Following the filing of the lawsuit, Salt Lake City in 2010 agreed not to enforce the state panhandling restriction.
The state defendants, however, refused to settle and asked the court to rule on the constitutionality of the statute.
In arguments before the judge on Tuesday, Barnard argued that valet attendants, tax services, restaurants, oil and lube and other businesses that hire people to wave signs, including Salvation Army bell ringers, also violate the statute but police don't enforce the law against them.
Assistant Attorney Generals Jerrold Jensen and Paul Proctor argued that the panhandling prohibition addressed traffic and public safety concerns and the "evident dangers of physical injury and traffic disruption that are present when individuals stand in the center of busy streets trying to engage drivers and solicit contributions from them."
Stewart's ruling said that although the state has legitimate concerns in wanting to promote safety, it needs to find a way to do so without infringing upon First Amendment rights.
"The court does not dispute that the state has a legitimate and important interest in regulating conduct that occurs on busy roadways, and it may do so as long as the legislation is written so as to avoid infringing on constitutionally protected rights.
However, it may not do so through sweeping statutes that regulate conduct unrelated to the government interest," Stewart wrote.
"The language of the statute applies to all roads," Stewart added. "The prohibition therefore regulates a wide range of situations that likely have no impact on safety."
Barnard reiterated his beliefs following Stewart's order that the panhandling restriction violated his clients' constitutional rights and those of others in the community.
"The statute was overbroad in that is outlawed much speech for no legitimate governmental reason. As noted in the court's decision, it was a crime for children to operate a lemonade stand next to a state highway in rural Utah.
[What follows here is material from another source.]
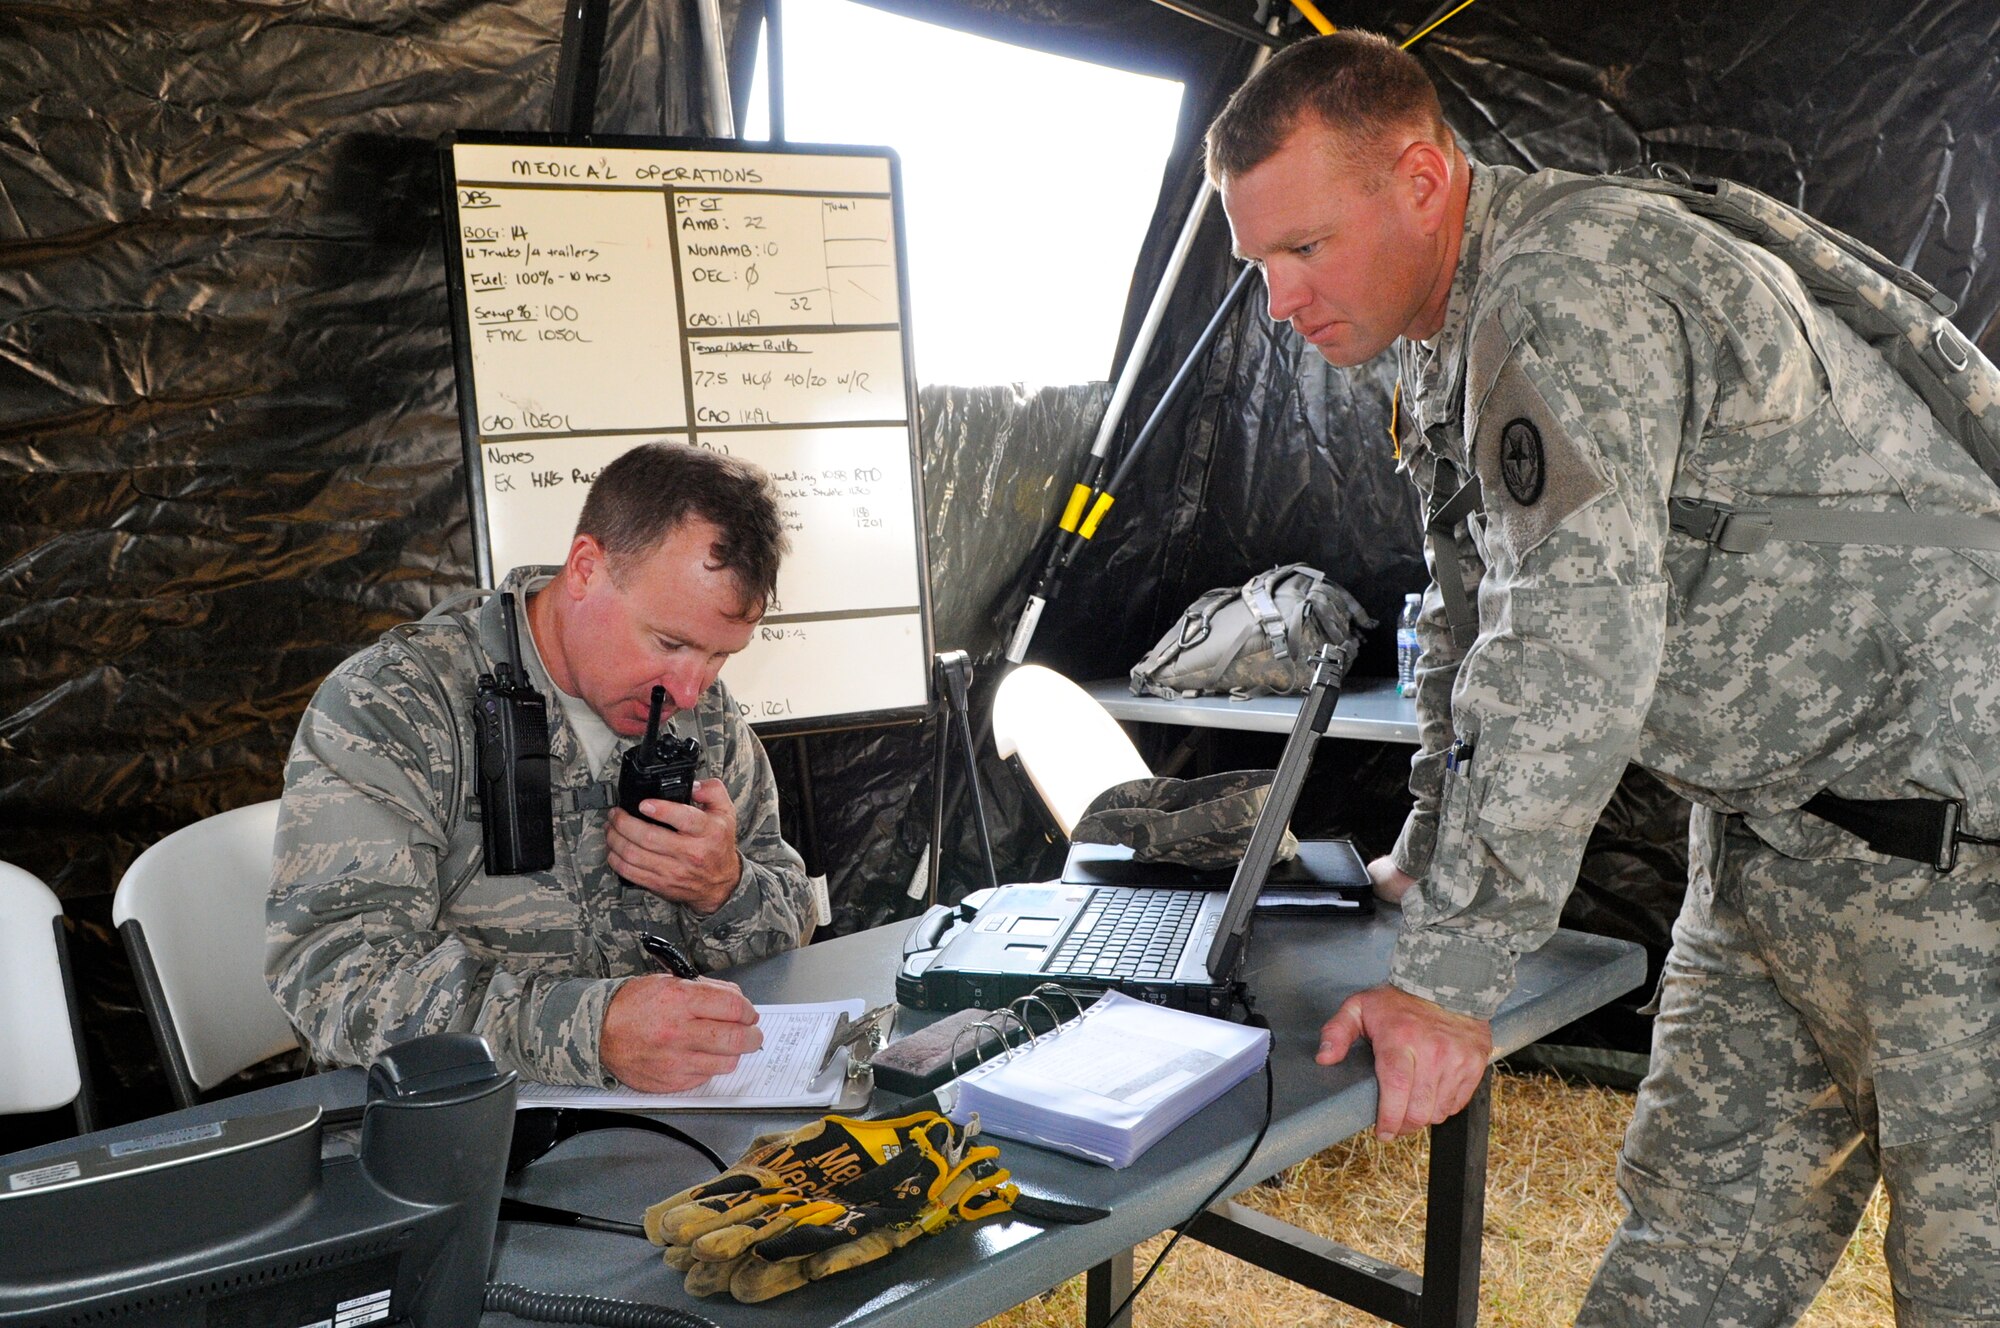 Air Force Capt. Wayne Hill (left), a medical plans and operations officer, coordinates activities as the officer-in-charge of the air medical operations with Army Staff Sgt. Kevin Creasy, noncommissioned officer-in-charge of 6 CERF-P tactical operations center, during an emergency preparedness exercise in Austin, Texas, on Apr. 26, 2012. (Air National Guard photo by Senior Master Sgt. Mike Arellano / Released)

The valet parking services in front of restaurants were criminal in nature. Girl Scouts with a card table selling cookies on the sidewalk visible to passing motorists were breaking the law," Barnard said. "The statute also prohibited a person looking for work from standing on the side of the road with a sign saying, "Need work."
Barnard said laws are in place to make aggressive panhandling a crime and he believes those laws should be enforced.
His clients, he said, were innocently asking for money.
"The First Amendment protects the right for people to ask for help and to seek employment," Barnard said. "This [panhandling] statute, now declared unconstitutional, made innocuous, innocent conduct a crime."
Barnard said his clients are pleased they've won their right to ask for money. Barnard will ask the state of Utah to pay for attorneys fees and court costs in the case.
He said the judge's ruling means law enforcement can't now ticket homeless people targeting motorists for money with signs.
"All law enforcement in the state are now on notice that the statute is unconstitutional. If they enforce it in the future, they can be sued for money damages," Barnard said.
Jensen and Proctor could not immediately be reached for comment on Thursday.